Williams Shipping is a marine services & logistics company based in Southampton, England. Its services include vessel chartering, marine operation services, oil spill response, road transport, marine lubricants and container hire.

== History ==
George Williams founded the company in 1894, after a career working on windjammers.

== Marine Fleet ==

| Vessel Name | Vessel Type | Length / Breadth |
|---|---|---|
| Willendeavour | Multicat | 22 m × 9 m (72 ft × 30 ft) |
| Willsupply | Multicat | 20 m × 7 m (66 ft × 23 ft) |
| Wiljive | Multicat | 15.5 m × 6 m (51 ft × 20 ft) |
| Wiltango | Multicat | 15.5 m × 6 m (51 ft × 20 ft) |
| Willdart | Workboat | 14.5 m × 4.9 m (48 ft × 16 ft) |
| Wilcat | Multicat | 14 m × 6 m (46 ft × 20 ft) |
| Willpower | Tugs & Workboats | 22.5 m × 7.25 m (73.8 ft × 23.8 ft) |
| Wilanne | Tugs & Workboats | 16.9 m × 5.3 m (55 ft × 17 ft) |
| Lilah | Tugs & Workboats | 16 m × 5 m (52 ft × 16 ft) |
| Wilventure II | Fast launch | 13.9 m × 4.3 m (46 ft × 14 ft) |
| Willfetch | Fast launch | 11.7 m × 4 m (38 ft × 13 ft) |
| Wiljay | Tugs & Workboats | 11.1 m × 3 m (36.4 ft × 9.8 ft) |
| Wilwren | Tugs & Workboats | 9.2 m × 3 m (30.2 ft × 9.8 ft) |
| Wilcarry 1750 | Pontoons & Barges | 45 m × 20 m (148 ft × 66 ft) |
| Wilcarry 1711 | Pontoons & Barges | 50 m × 18.8 m (164 ft × 62 ft) |
| Wilcarry 1717 | Pontoons & Barges | 50 m × 18.8 m (164 ft × 62 ft) |
| Wilcarry 1500 | Pontoons & Barges | 50 m × 14 m (164 ft × 46 ft) |
| Wilcarry 504 | Pontoons & Barges | 30 m × 11.2 m (98 ft × 37 ft) |
| Wilcarry 503 | Pontoons & Barges | 30 m × 11.2 m (98 ft × 37 ft) |
| Wilcarry 501 | Pontoons & Barges | 30 m × 11.2 m (98 ft × 37 ft) |
| Wilcarry 350 | Pontoons & Barges | 33.2 m × 9.8 m (109 ft × 32 ft) |
| Wilcarry 312 | Pontoons & Barges | 33.6 m × 8.1 m (110 ft × 27 ft) |
| Wilcarry 300 | Pontoons & Barges | 36 m × 8 m (118 ft × 26 ft) |
| Wilcarry 250 | Pontoons & Barges | 45.1 m × 8 m (148 ft × 26 ft) |
| Wilcarry 100 | Pontoons & Barges | 14 m × 8 m (46 ft × 26 ft) |
| Wilcarry 22 | Pontoons & Barges | 12.7 m × 5 m (42 ft × 16 ft) |
| Blade Runner Two | Shallow water barge | 75 m × 9.5 m (246 ft × 31 ft) |

==Transport fleet==

In 2014, the company acquired a 100 tonne crawler crane with a boom of 42 metres.

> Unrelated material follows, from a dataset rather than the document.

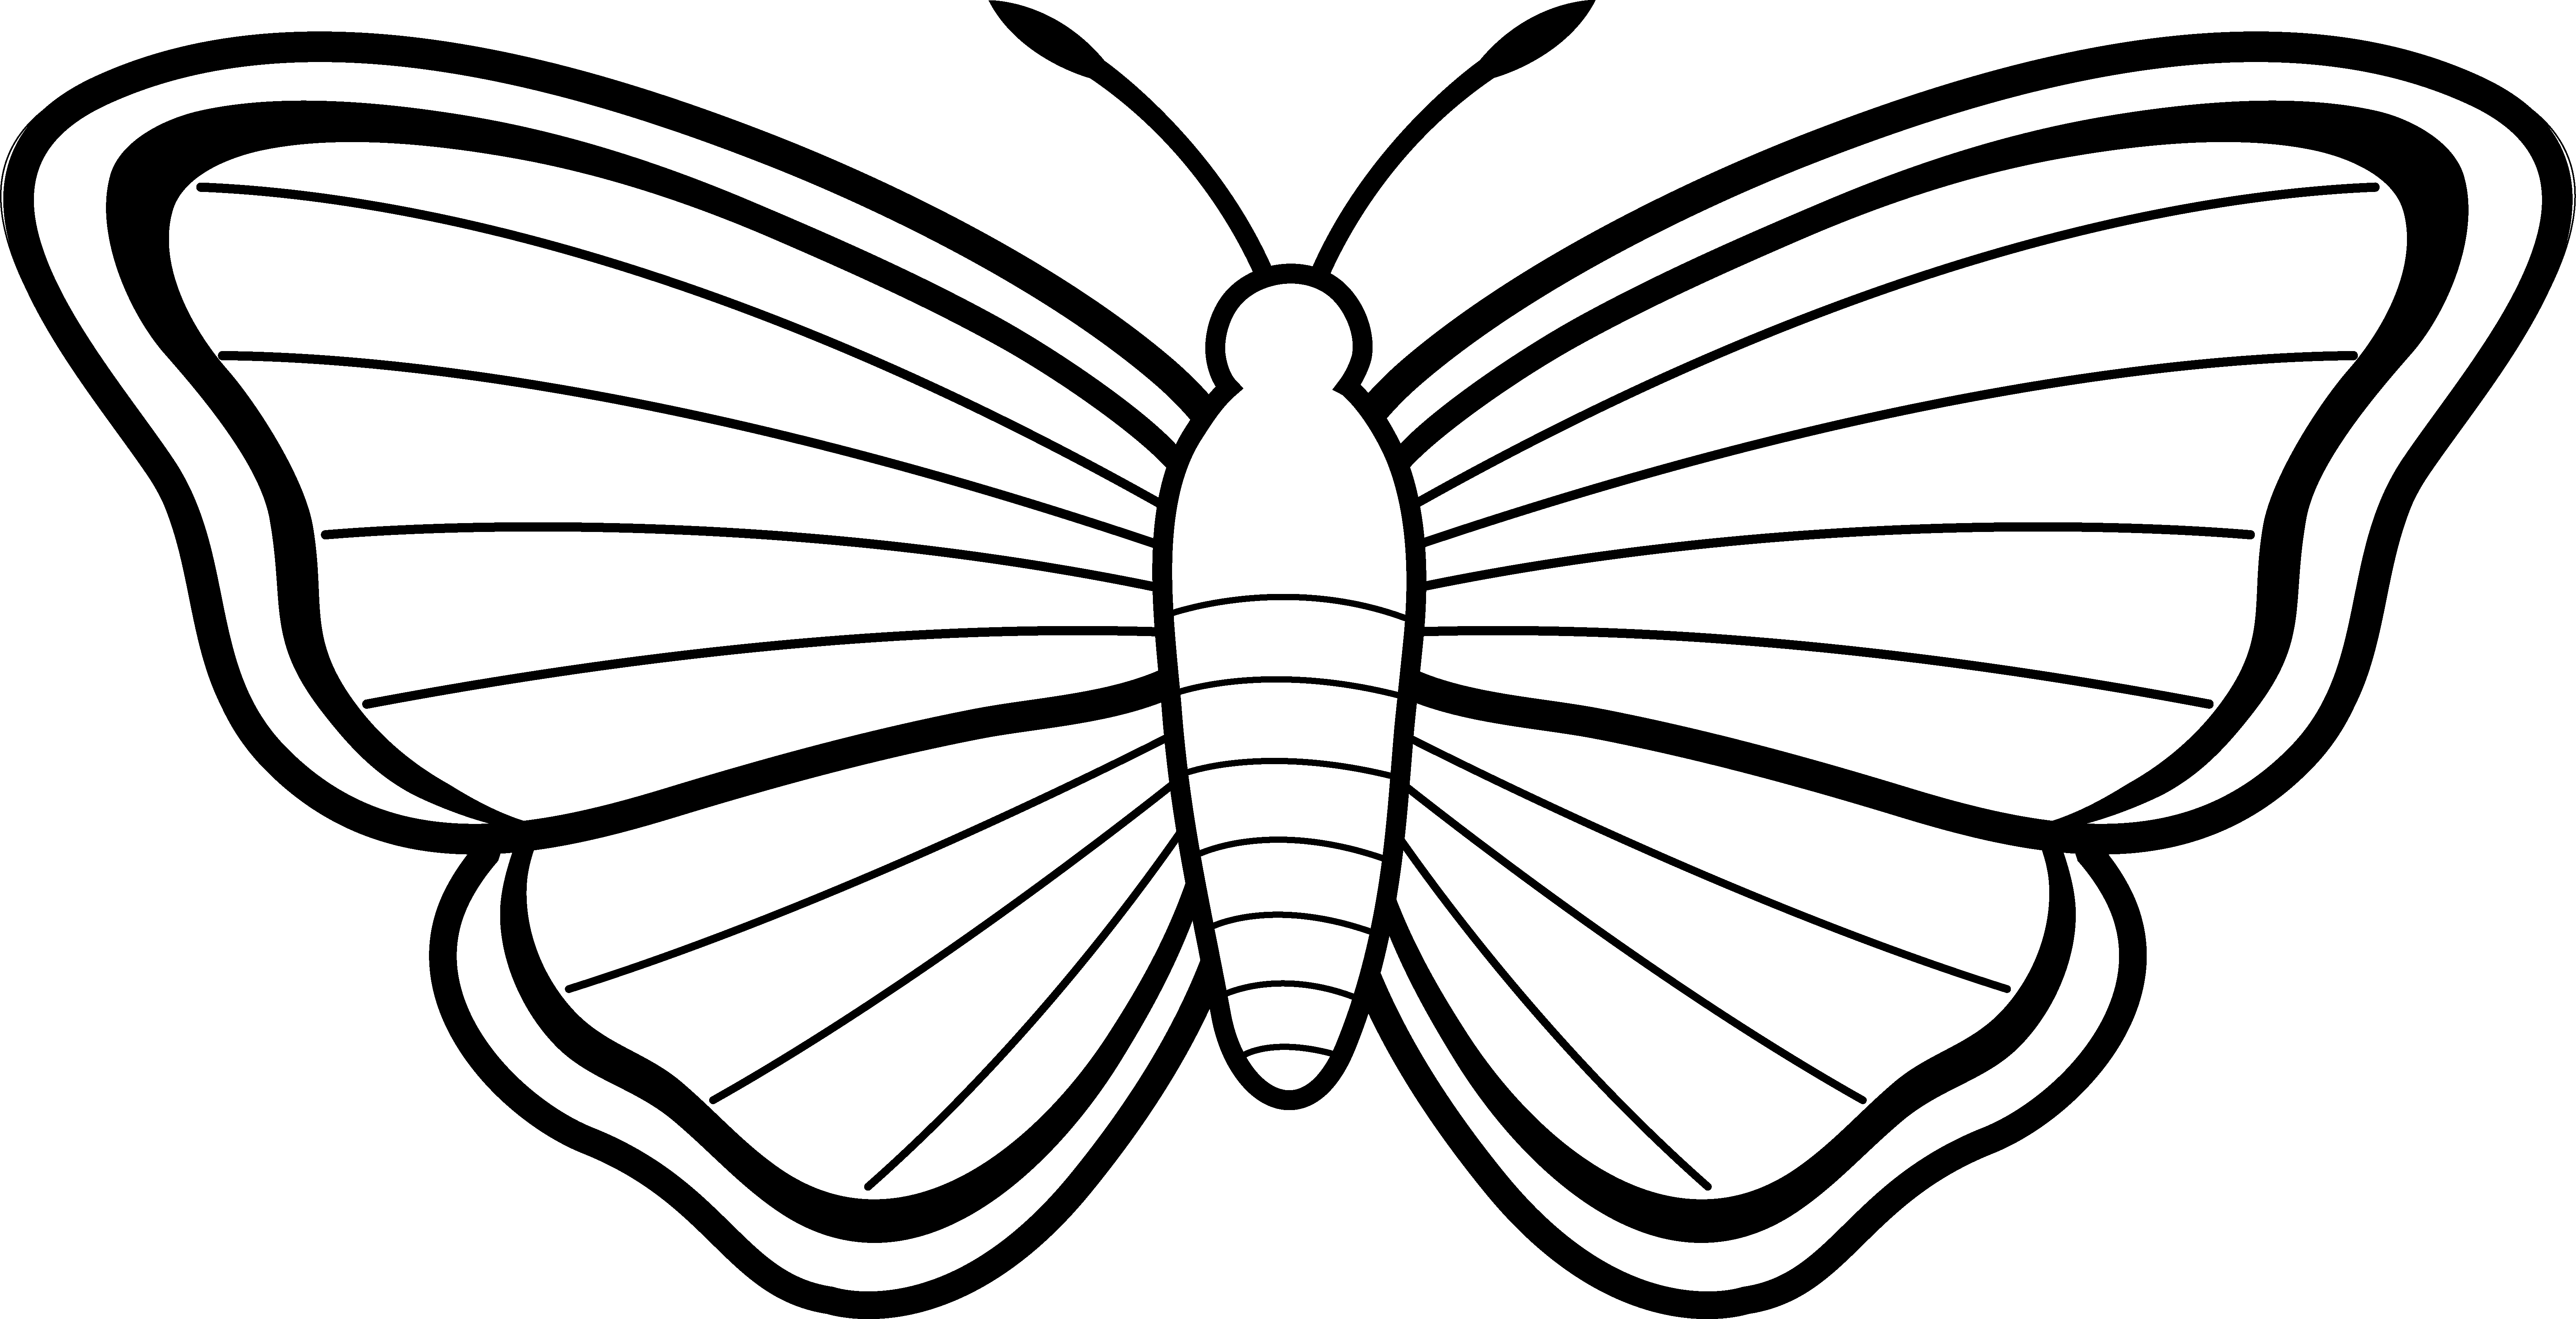 Black and white clipart butterfly - ClipartFox

In 2015 the company expanded its transport fleet with Euro-6 DAF XF tractor units to furnish its specialist logistics and general haulage operations. The trucks include three XF 510 FTG Super Space Cabs plated at 65-tonnes, two 44-tonne XF 460 FTG Space Cabs and an XF 460 FTR Space Cab with 47 tonne Hiab Crane.

In 2016 the company purchased a Hyster reach stacker and developed a 1-acre area of its Millbrook site into a cargo handling yard.

== Locations ==
The company has offices in the Eastern Docks and Millbrook areas of Southampton, in Aberdeen and in Pembrokeshire. Its office in Pembroke Port opened in 2004 as part of a joint venture with Milford Haven Port Authority.